Sering kali manusia melupakan hal itu, terlena dengan keserakahan, lalu meratap ketika bencana datang akibat keserakahan tersebut. Tri menuangkannya dalam puisi berjudul Sebuah Penanda.

Tsunami/Dahsyat bagai geliat banteng mengamuk/Meninggi/Menghempas sejauh jangkauan yang ia mampu/Tak kuasa membawa serta segala yang ditemuinya/Menyapu bersih bibir pantai yang bernyanyi memanggil namanya/Sayangnya/Manusia melupakan tanda-tandanya/Sampai sebagian kita ikut menjadi saksi kedahsyatannya/Hingga datang menjadi tamu-Nya.

Begitulah cuplikan puisi karya Tri tentang kejadian tsunami Pantai Anyer. Puisi-puisi Tri yang merespons segala kejadian sepanjang 2018-2019, diterbitkan menjadi buku antologi puisi berjudul Gaya Tri Jilid II oleh Penerbit Embrio.

Buku tersebut adalah kelanjutan dari buku Gaya Tri Jilid I yang diterbitkan pada 2019. Tentu sama dengan buku sebelumnya, Tri masih memanfaatkan puisi sebagai media ekspresi terbaik. “Puisi bagi saya adalah serangkaian kata yang sarat makna. Meski hanya sebaris kalimat, mampu bercerita tentang sebuah peristiwa,” ujar alumni Sastra Inggris, Fakultas Ilmu Budaya, Universitas Airlangga itu.

Bahasa puisi karya Tri tampak lugas, terkadang tanpa selubung metafora yang tak membuat pembaca berpikir keras untuk mengurai maknanya.
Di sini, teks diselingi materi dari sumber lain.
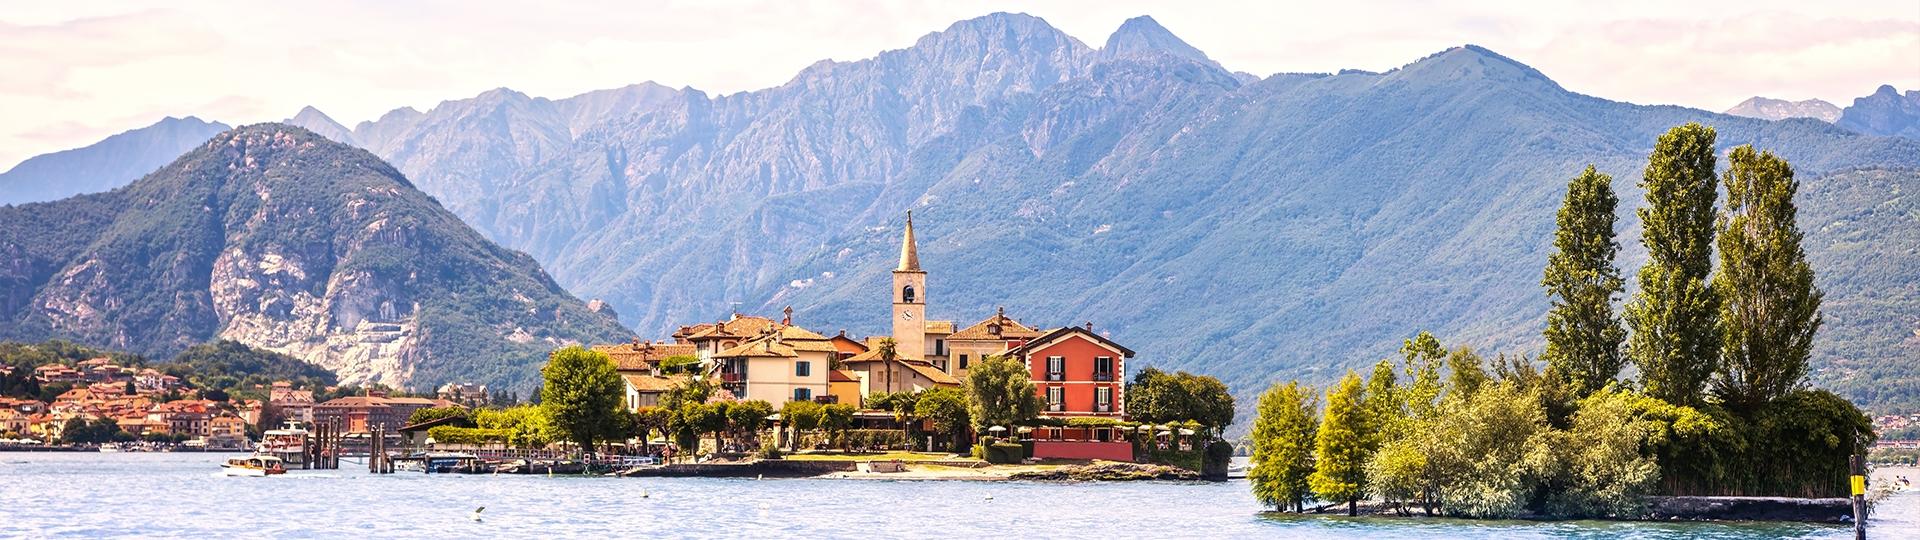 English To Italian Translator Google: Italian Indulgence By Back-Roads Touring With 2 Tour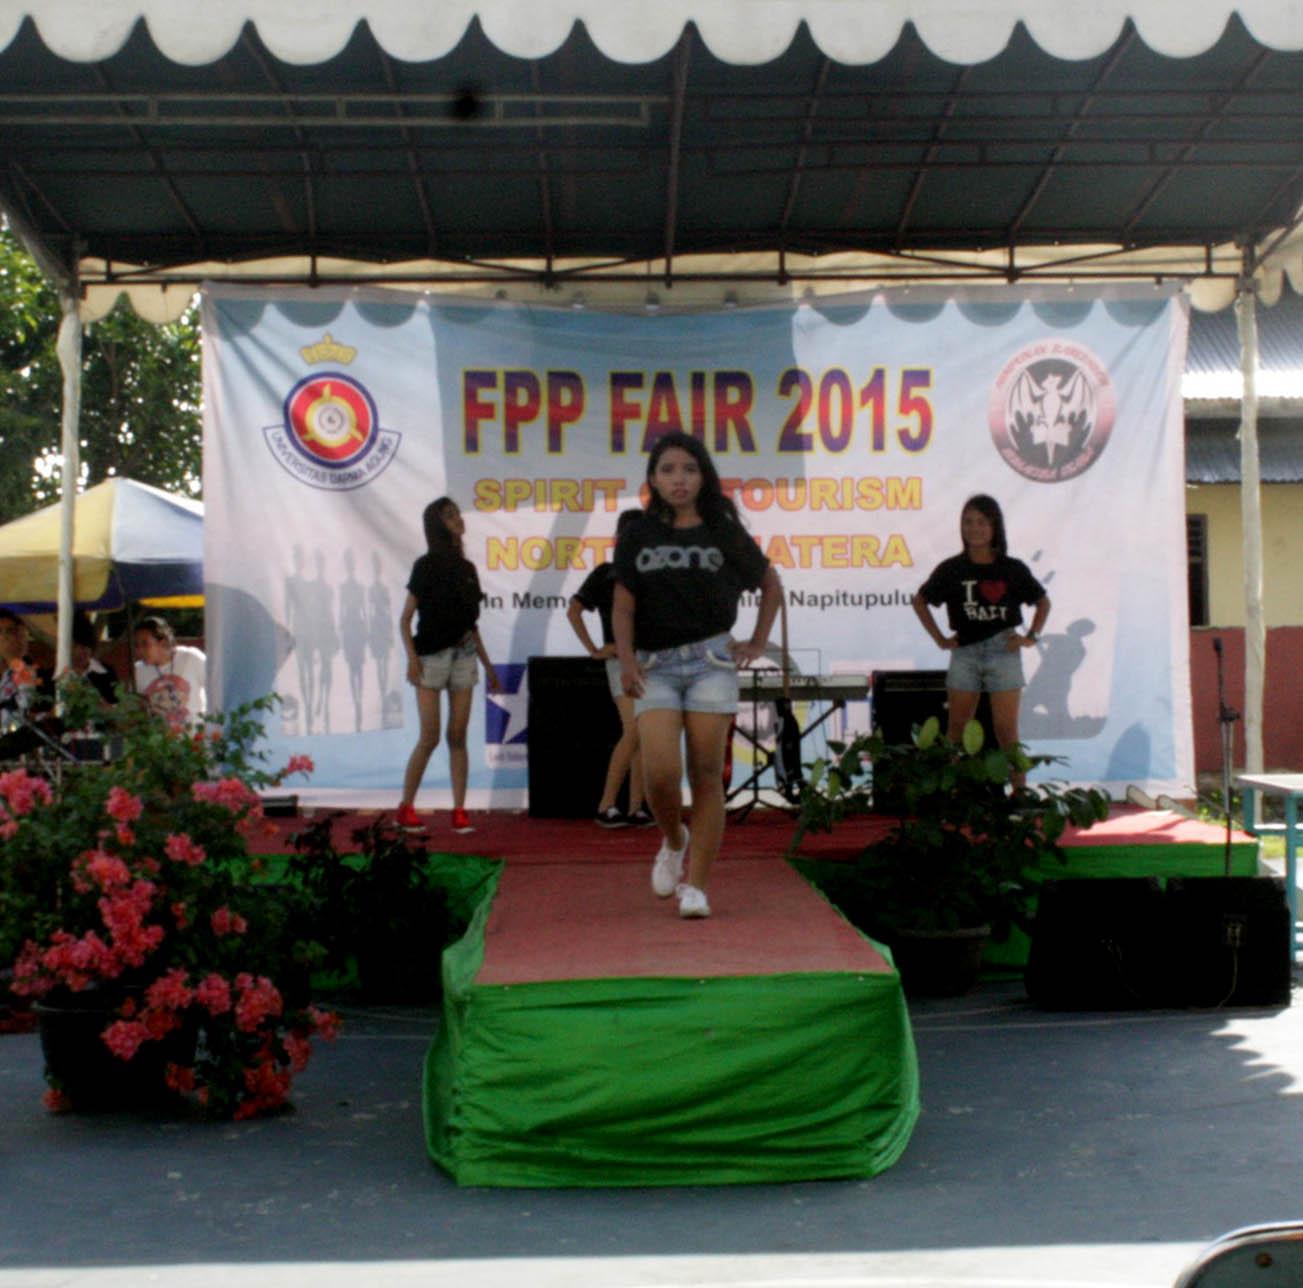 PESERTA MODEL FPP FAIR 2015

Namun justru kelugasan tersebut menyiratkan ekspresi emosionalnya ketika merespons sebuah hal.

Tanpa terlalu tedeng aling-aling. Seperti ciri kultur arek. Dia pun asli Sidoarjo, yang juga masih jadi bagian dari kultur arek tersebut.

Seperti ketika dia menanggapi fenomena maraknya narkoba dan alkohol di kalangan generasi muda. Bagi para pemadat maupun alkoholik, narkoba dan alkohol dianggap sebagai minuman surga.

Kritik atas terlenanya para pemuda dengan barang-barang terlarang itu diungkapkan Tri lewat puisinya berjudul Racun Minuman Surga.

Potret generasi salah asuh/Melanda kalangan secara menyeluruh/Dari gang sempit di kota besar/Hingga ke desa sudah tersebar/Merusak dan merenggut pemuda masa depan/Tak terhitung korban berjatuhan/Mari gandeng tangan satukan tekad/Perangi obat dan minuman laknat.

Lewat puisi itu, segala yang jadi kegelisahan Tri dituang melalui sarana tersebut. Dalam prosesnya, ketika menemukan kesulitan dalam menulis, tak jarang ia harus melihat-lihat kamus KBBI. ”Untuk memperkaya diksi saya memang membuka kamus. Sering juga meminta pendapat orang lain,” ujar perempuan 50 tahun itu.